[Start of Attachment]
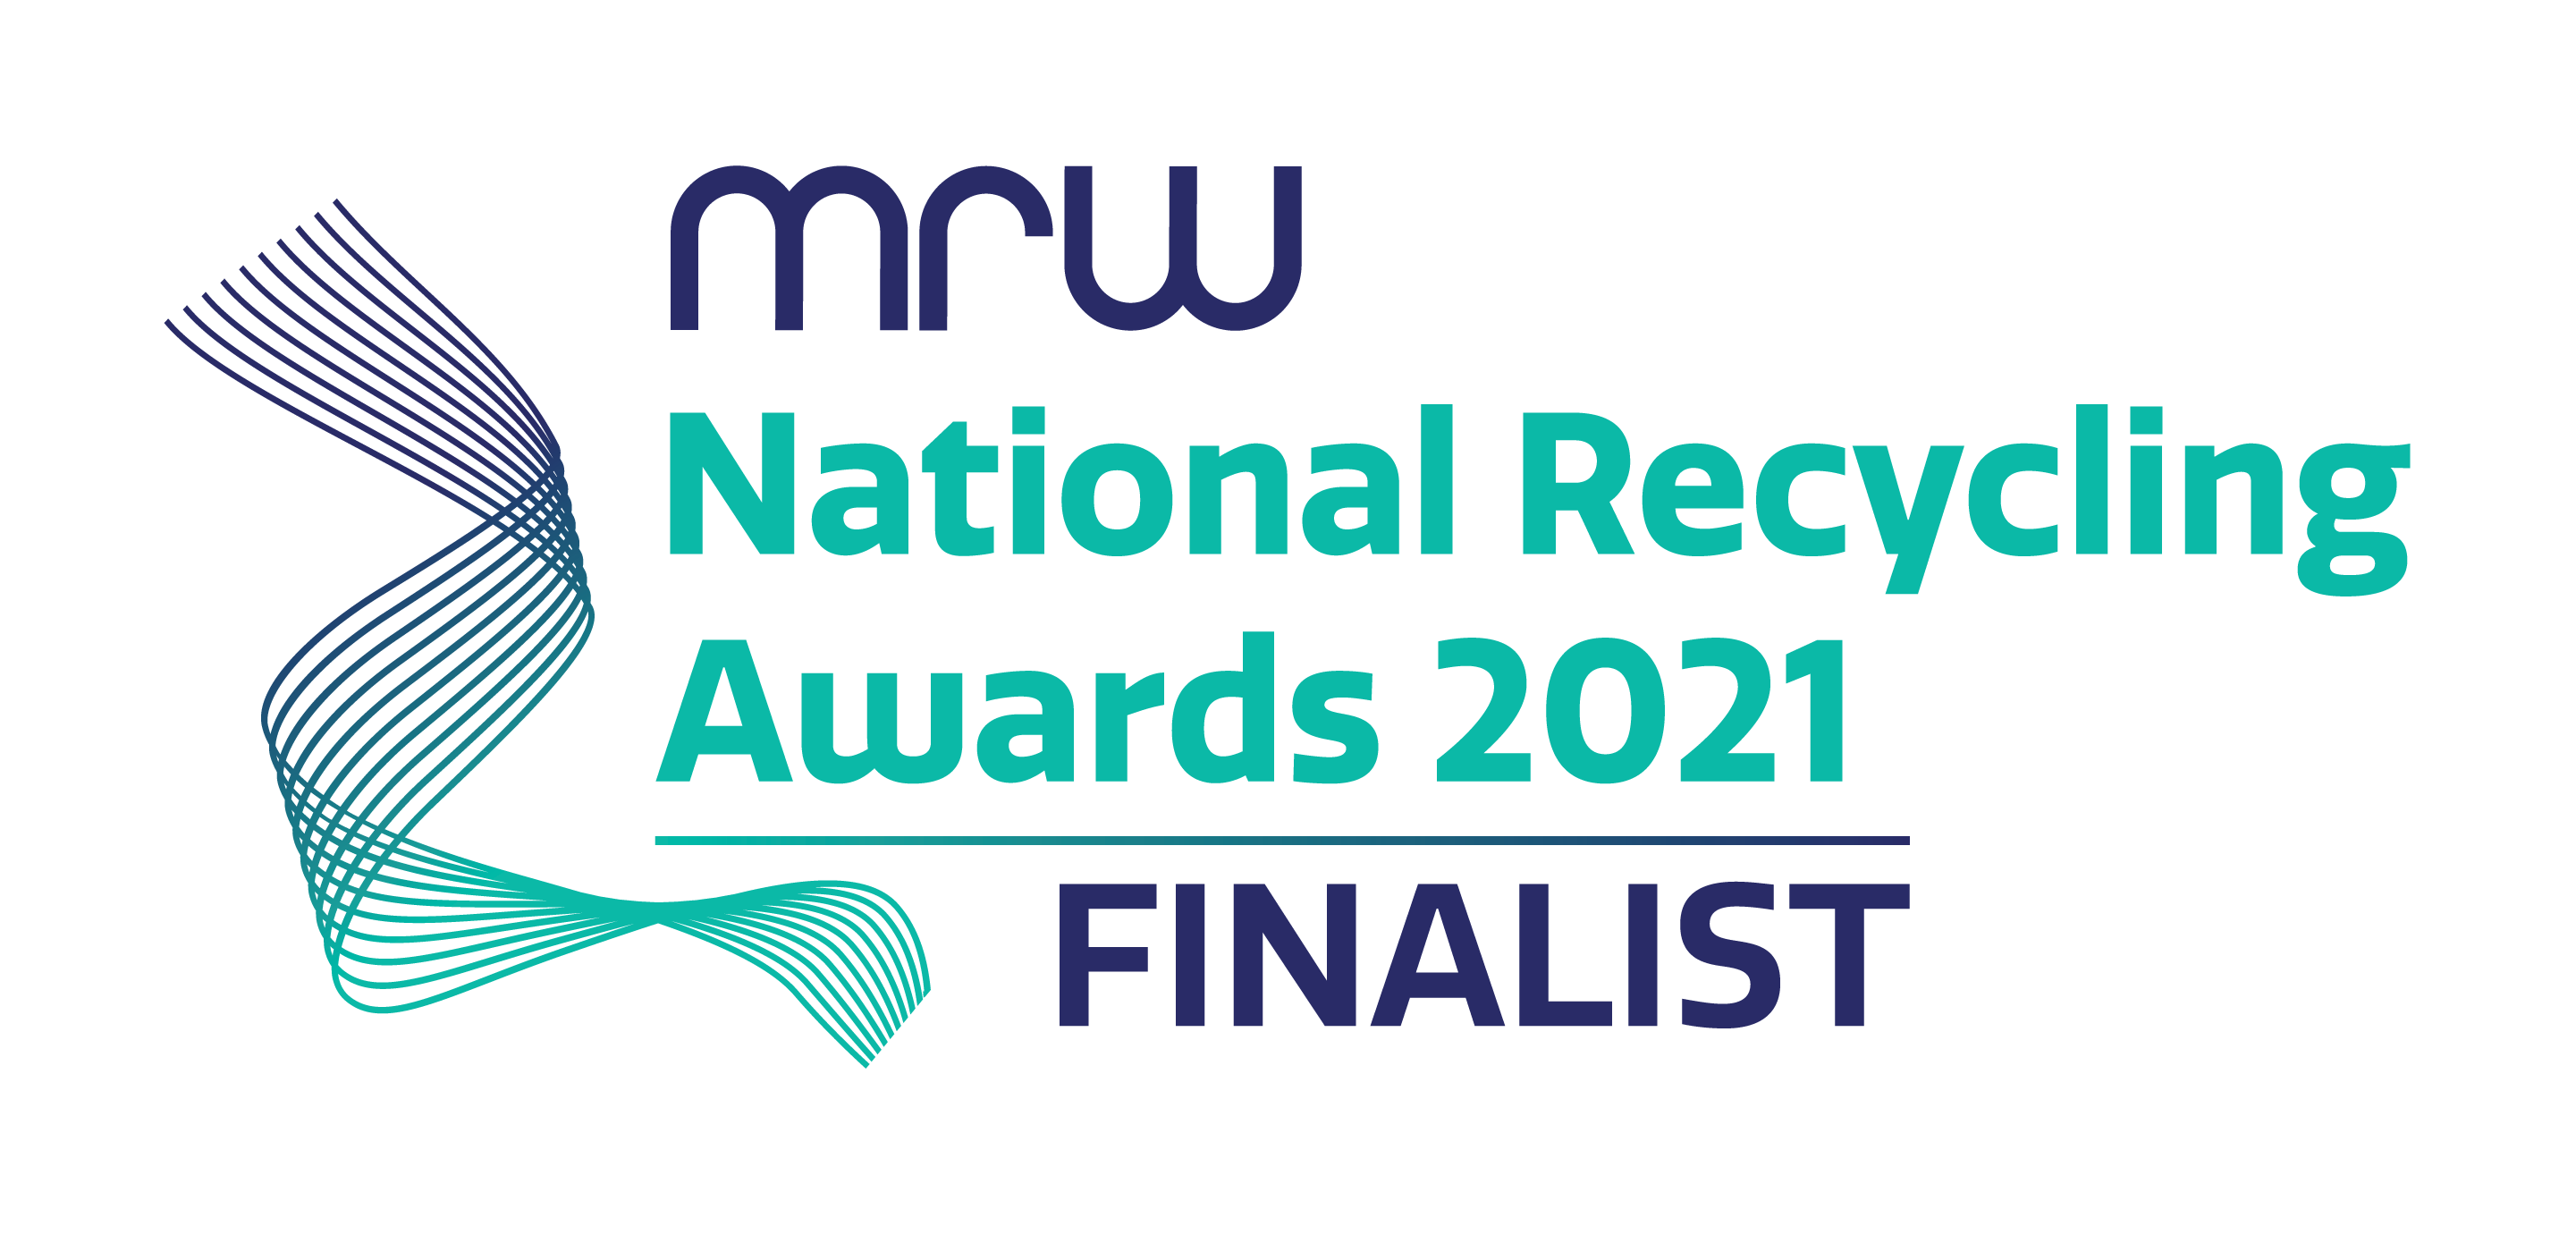 Recycling awards
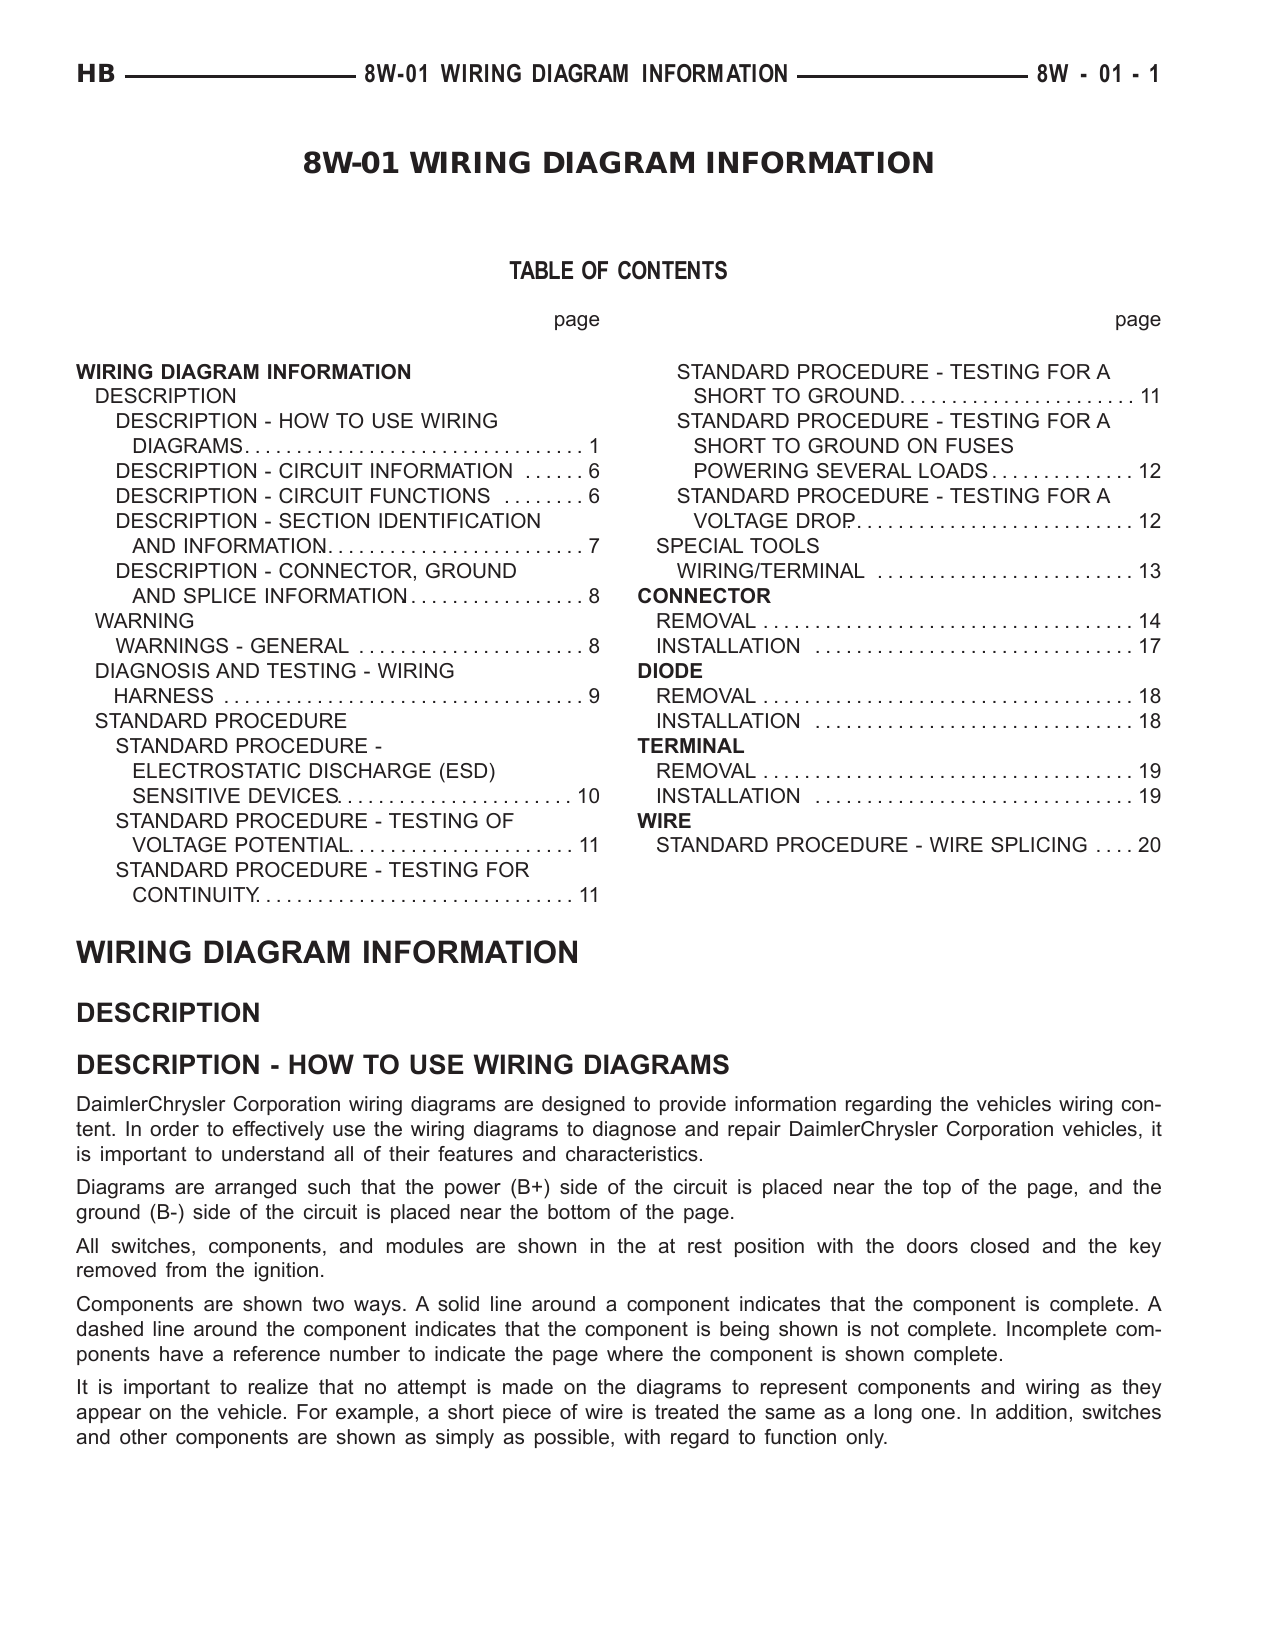 Wiring Diagram Information Manualzz
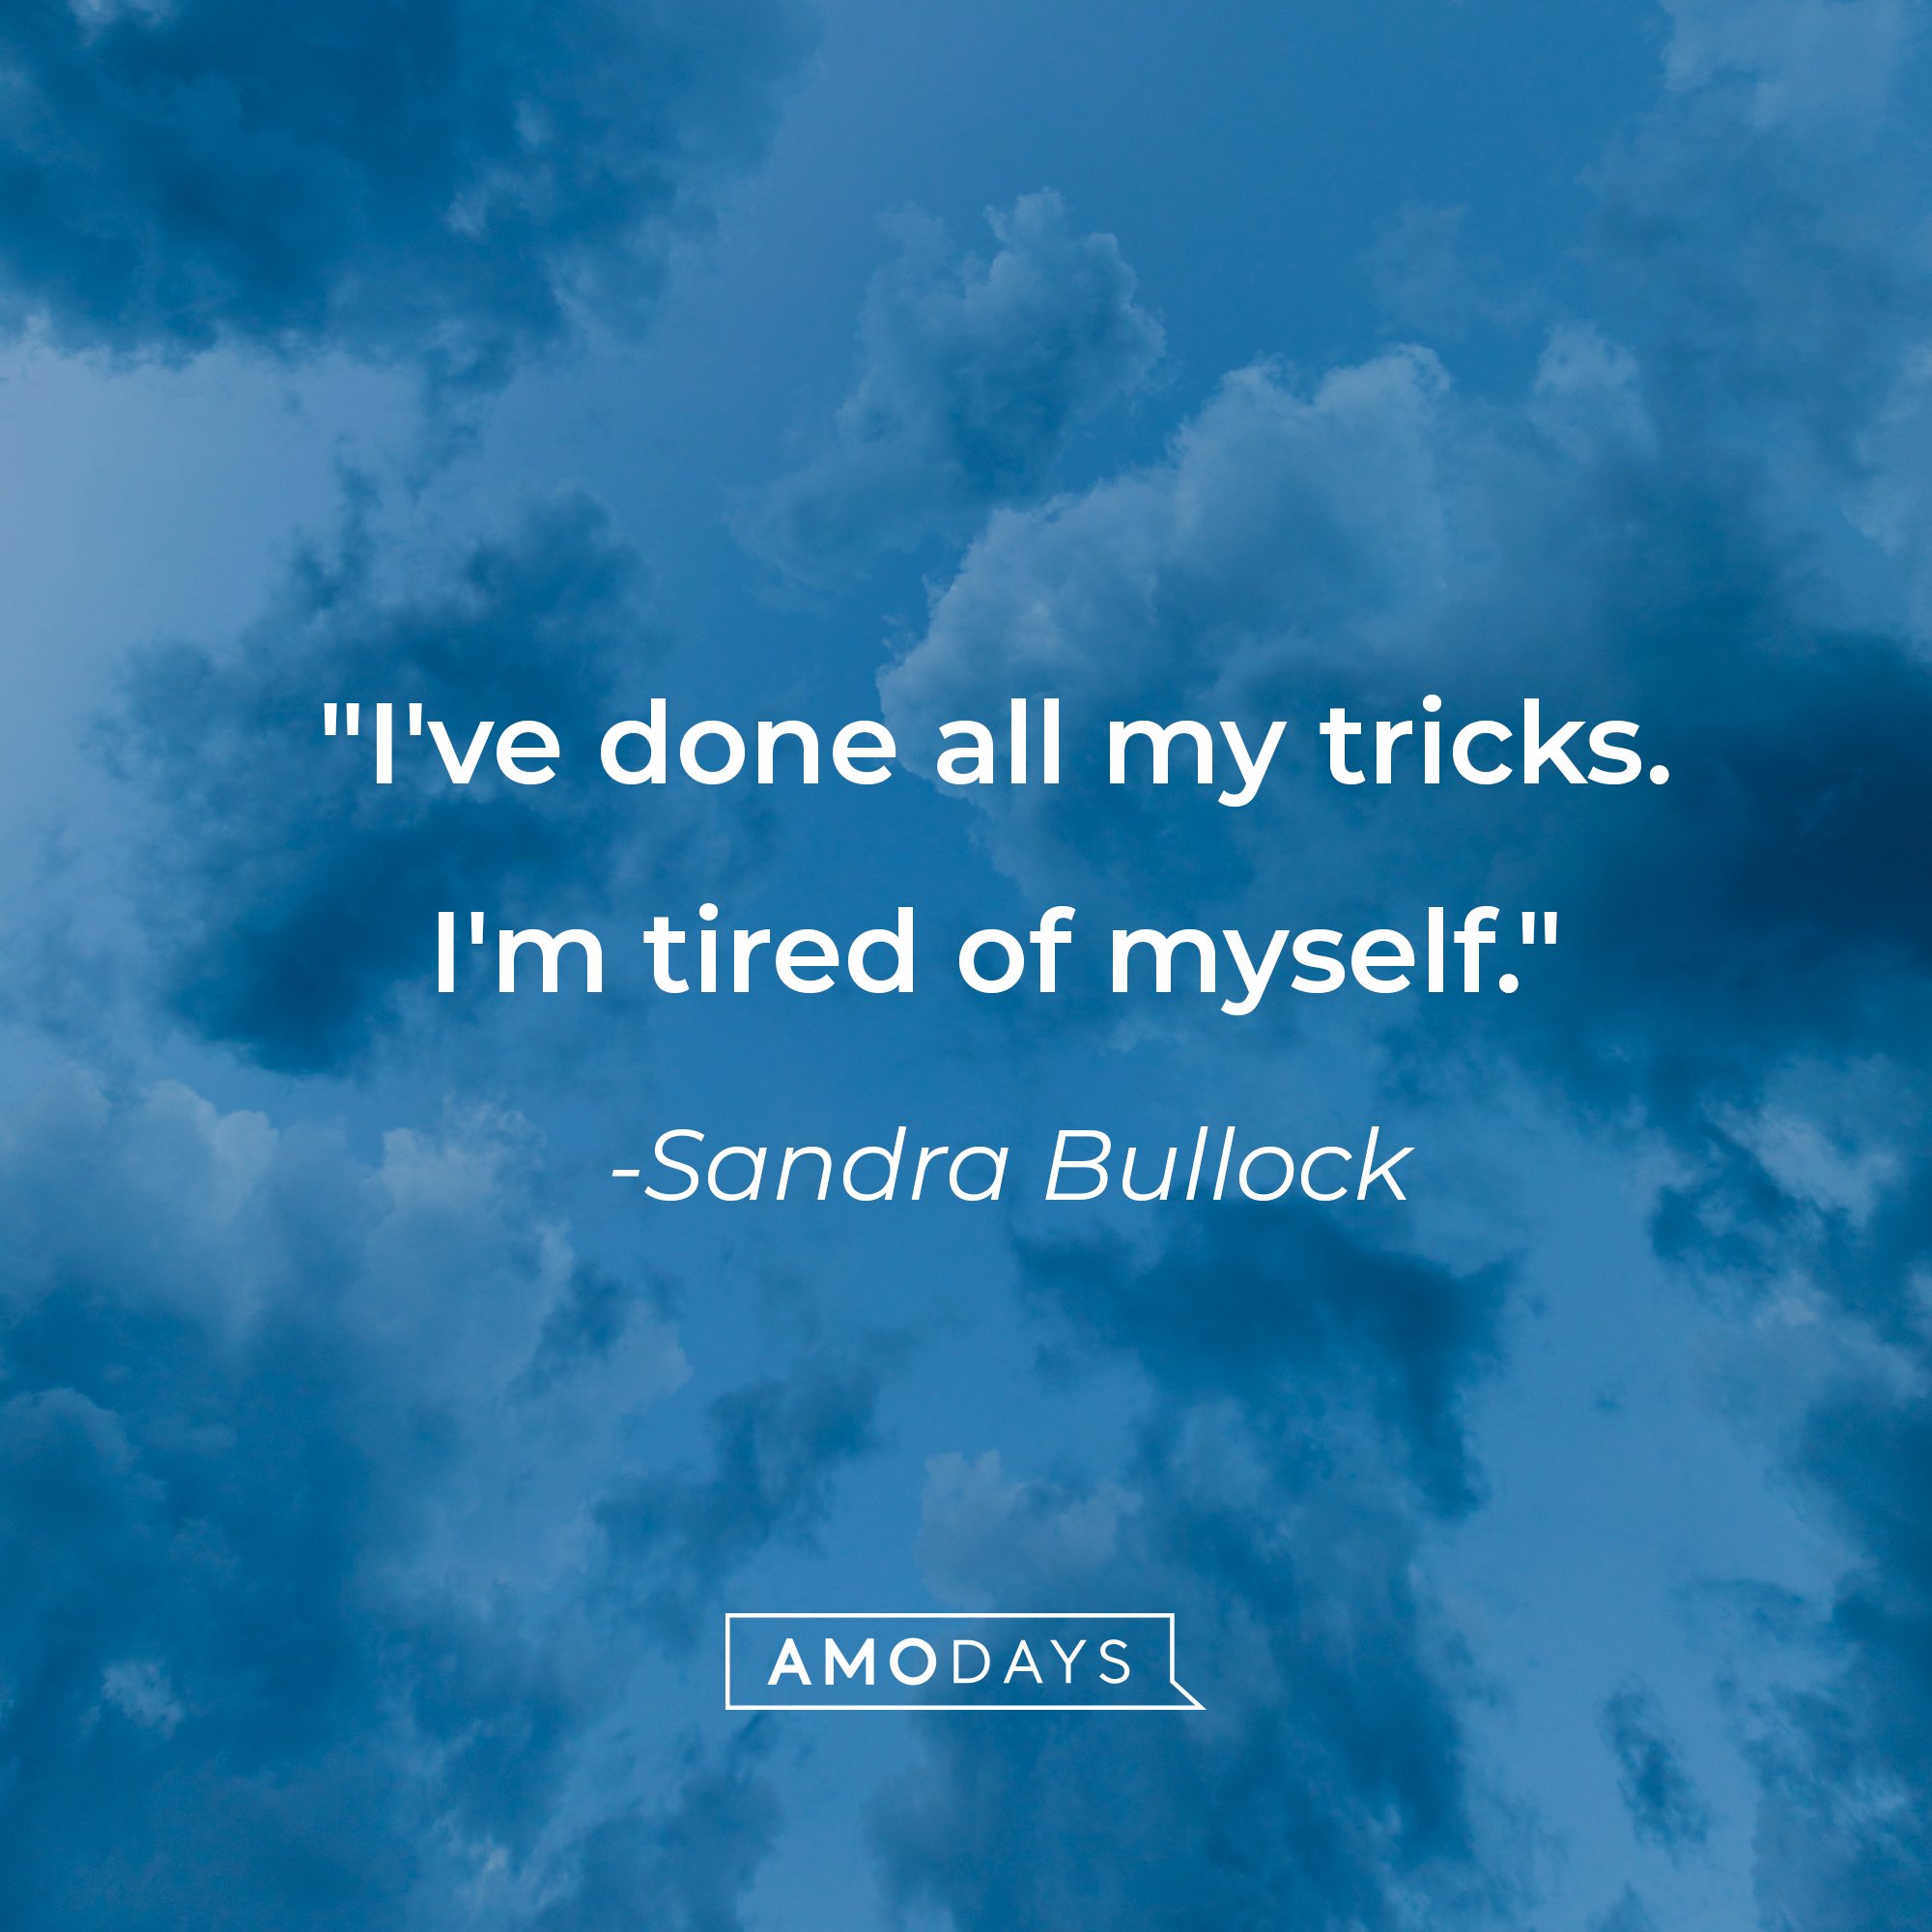 Sandra Bullock's quote: "I've done all my tricks. I'm tired of myself." | Source: AmoDays
[End of Attachment]
* [What the task requires] Leave the pictures out and restate the listing word for word.

* [Response area]
 Recycling awards
 Wiring Diagram Information Manualzz
 Sandra Bullock's quote: "I've done all my tricks. I'm tired of myself." | Source: AmoDays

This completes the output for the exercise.